By analyzing existing cross correlation between CATLIN GROUP and Apple Inc, you can compare the effects of market volatilities on CATLIN GROUP and Apple and check how they will diversify away market risk if combined in the same portfolio for a given time horizon. You can also utilize pair trading strategies of matching a long position in CATLIN GROUP with a short position of Apple. Check out your portfolio center. Please also check ongoing floating volatility patterns of CATLIN GROUP and Apple.

Diversification Opportunities for CATLIN GROUP and Apple

-0.71
  Correlation Coefficient

Pay attention - limited upside

The 3 months correlation between CATLIN and Apple is -0.71. Overlapping area represents the amount of risk that can be diversified away by holding CATLIN GROUP and Apple Inc in the same portfolio, assuming nothing else is changed. The correlation between historical prices or returns on Apple Inc and CATLIN GROUP is a relative statistical measure of the degree to which these equity instruments tend to move together. The correlation coefficient measures the extent to which returns on CATLIN GROUP are associated (or correlated) with Apple. Values of the correlation coefficient range from -1 to +1, where. The correlation of zero (0) is possible when the price movement of Apple Inc has no effect on the direction of CATLIN GROUP i.e., CATLIN GROUP and Apple go up and down completely randomly.

Pair Corralation between CATLIN GROUP and Apple

Assuming the 90 days trading horizon CATLIN GROUP is expected to under-perform the Apple. But the stock apears to be less risky and, when comparing its historical volatility, CATLIN GROUP is 2.2 times less risky than Apple. The stock trades about -0.12 of its potential returns per unit of risk. The Apple Inc is currently generating about 0.05 of returns per unit of risk over similar time horizon. If you would invest  20,473  in Apple Inc on April 23, 2025 and sell it today you would earn a total of  825.00  from holding Apple Inc or generate 4.03% return on investment over 90 days.
Time Period3 Months [change]
DirectionMoves Against 
StrengthWeak
Accuracy100.0%
ValuesDaily Returns

CATLIN GROUP   vs.  Apple Inc

 Performance 
       Timeline  
CATLIN GROUP 

Risk-Adjusted Performance

Very Weak

 
Weak
 
Strong
Over the last 90 days CATLIN GROUP has generated negative risk-adjusted returns adding no value to investors with long positions. In spite of rather sound technical and fundamental indicators, CATLIN GROUP is not utilizing all of its potentials. The newest stock price tumult, may contribute to shorter-term losses for the shareholders.
Apple Inc 

Risk-Adjusted Performance

Insignificant

 
Weak
 
Strong
Compared to the overall equity markets, risk-adjusted returns on investments in Apple Inc are ranked lower than 3 (%) of all global equities and portfolios over the last 90 days. In spite of comparatively stable basic indicators, Apple is not utilizing all of its potentials. The newest stock price uproar, may contribute to short-horizon losses for the private investors.

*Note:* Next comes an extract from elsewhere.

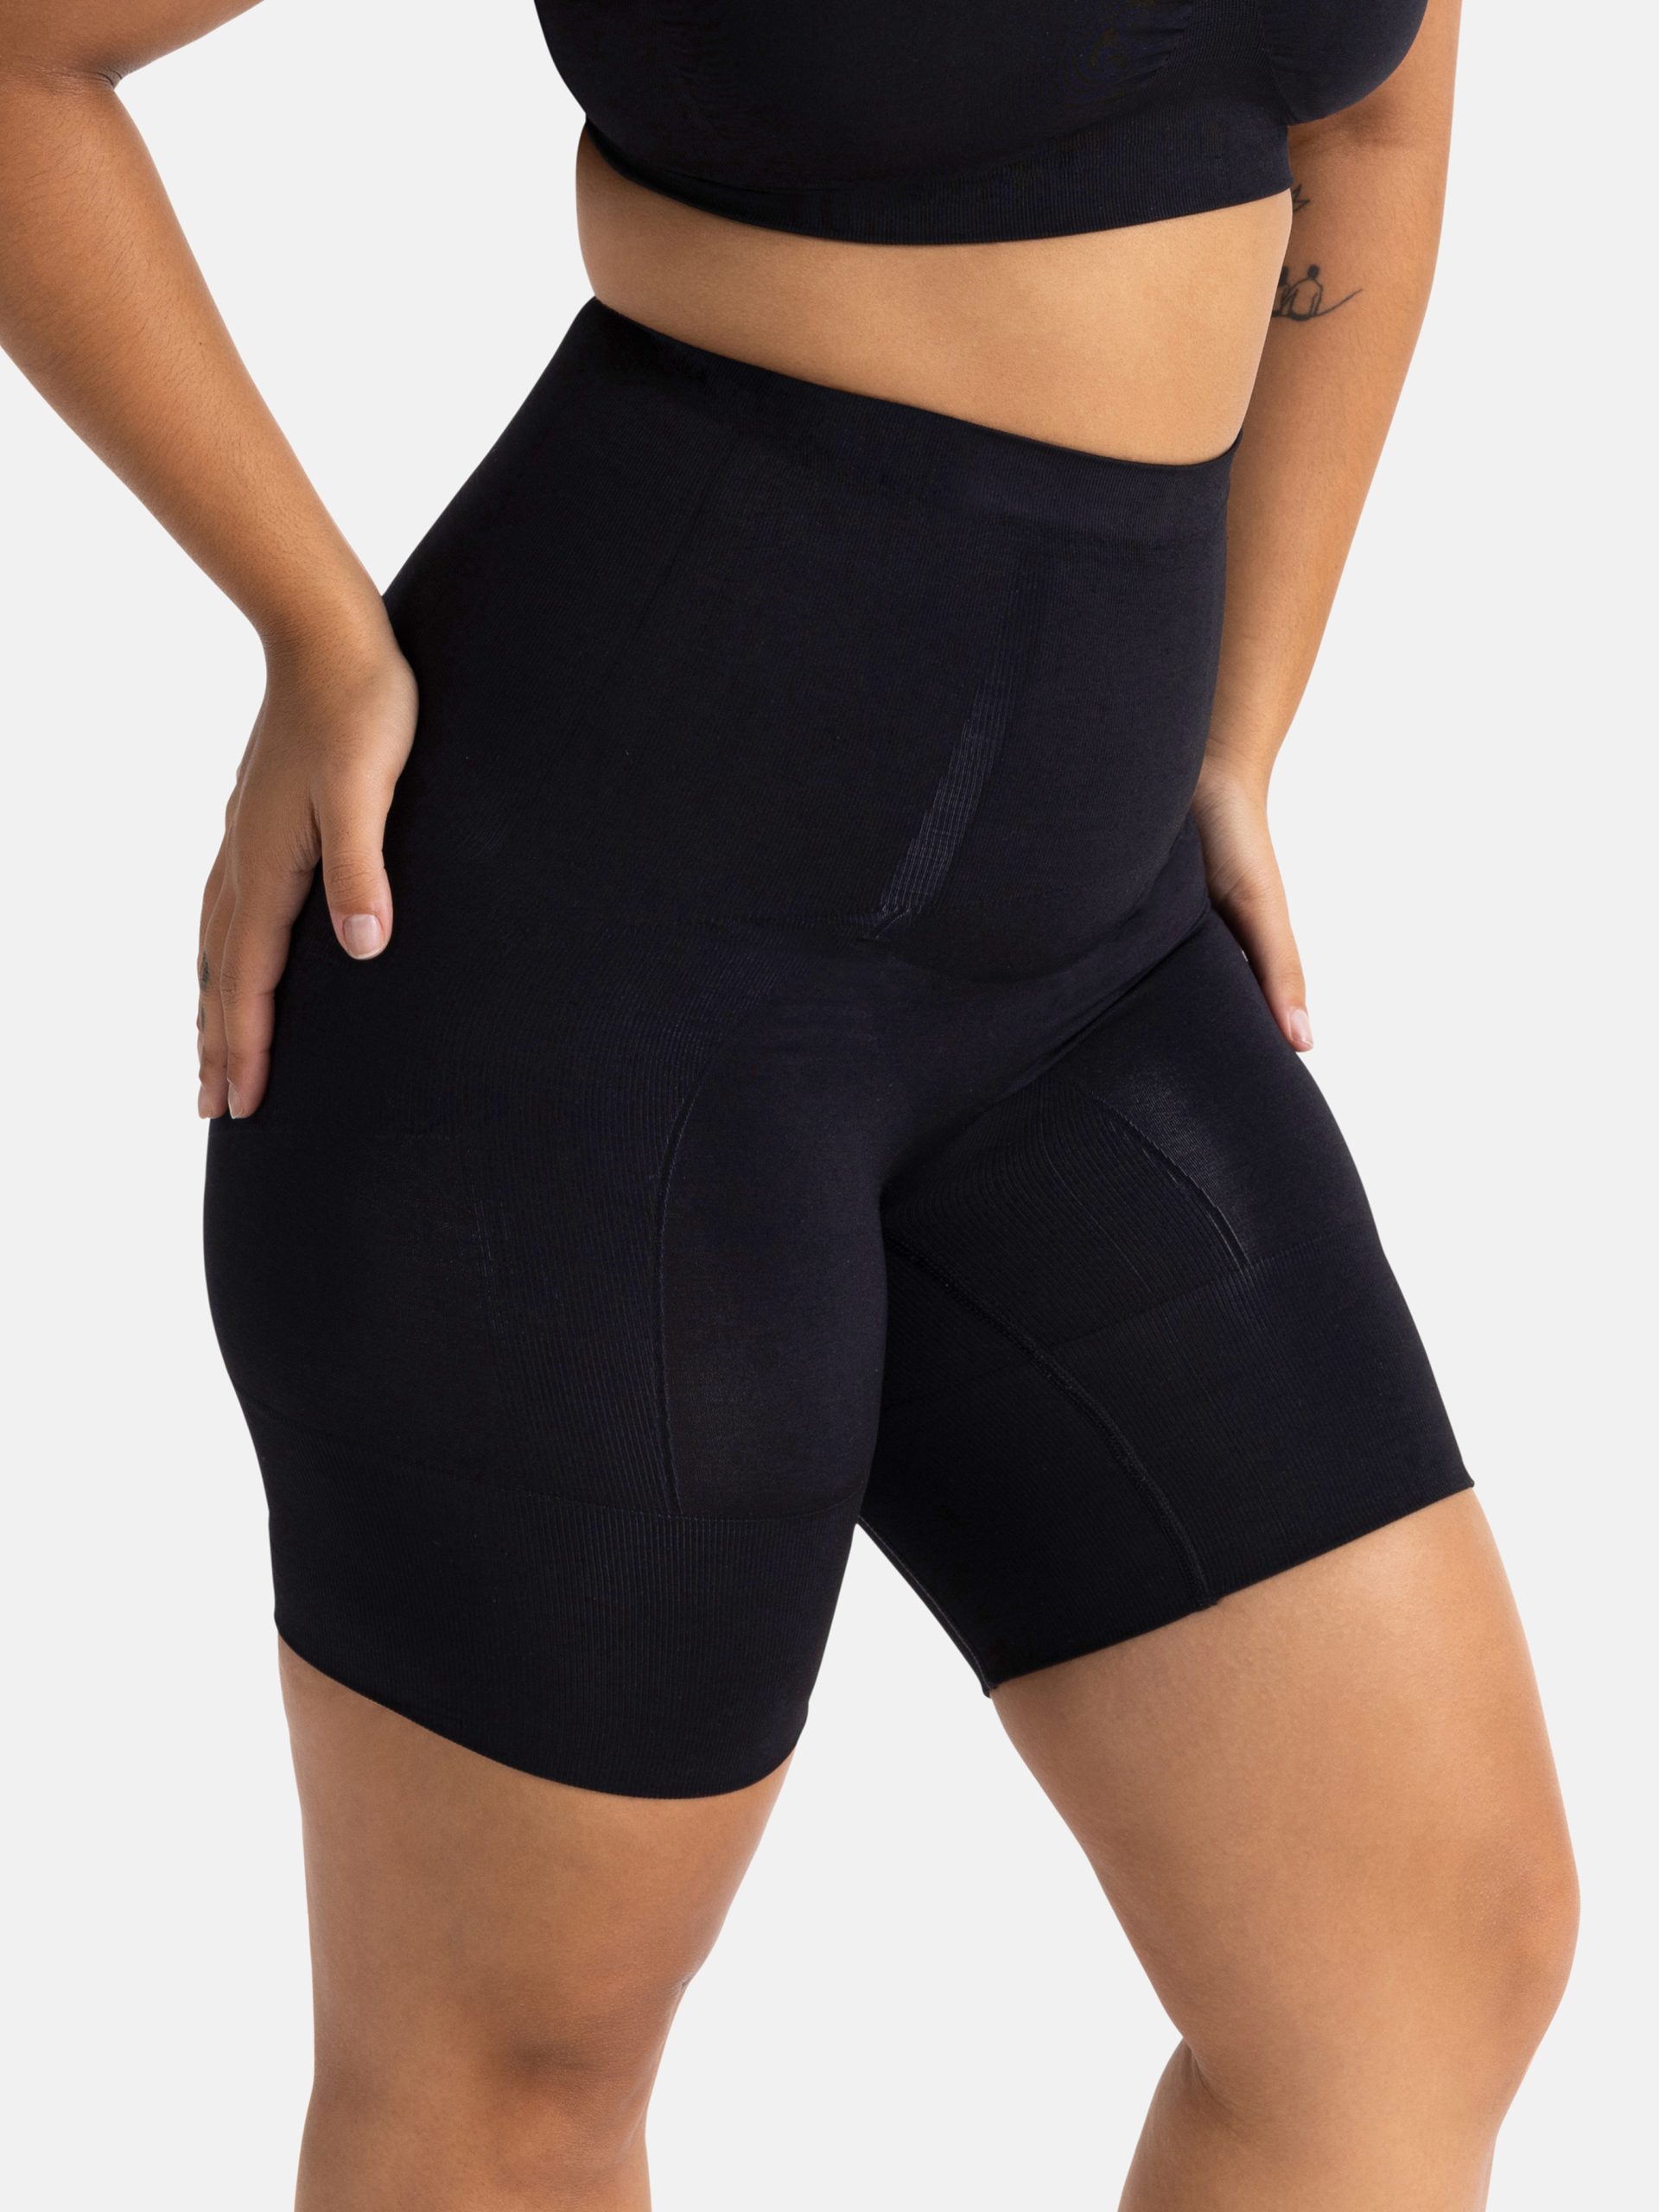 Suprenx High Waisted Tummy Control Shaping Shorts for Women

CATLIN GROUP and Apple Volatility Contrast

   Predicted Return Density   
       Returns  

Pair Trading with CATLIN GROUP and Apple

The main advantage of trading using opposite CATLIN GROUP and Apple positions is that it hedges away some unsystematic risk. Because of two separate transactions, even if CATLIN GROUP position performs unexpectedly, Apple can make up some of the losses. Pair trading also minimizes risk from directional movements in the market. For example, if an entire industry or sector drops because of unexpected headlines, the short position in Apple will offset losses from the drop in Apple's long position.
The idea behind CATLIN GROUP and Apple Inc pairs trading is to make the combined position market-neutral, meaning the overall market's direction will not affect its win or loss (or potential downside or upside). This can be achieved by designing a pairs trade with two highly correlated stocks or equities that operate in a similar space or sector, making it possible to obtain profits through simple and relatively low-risk investment.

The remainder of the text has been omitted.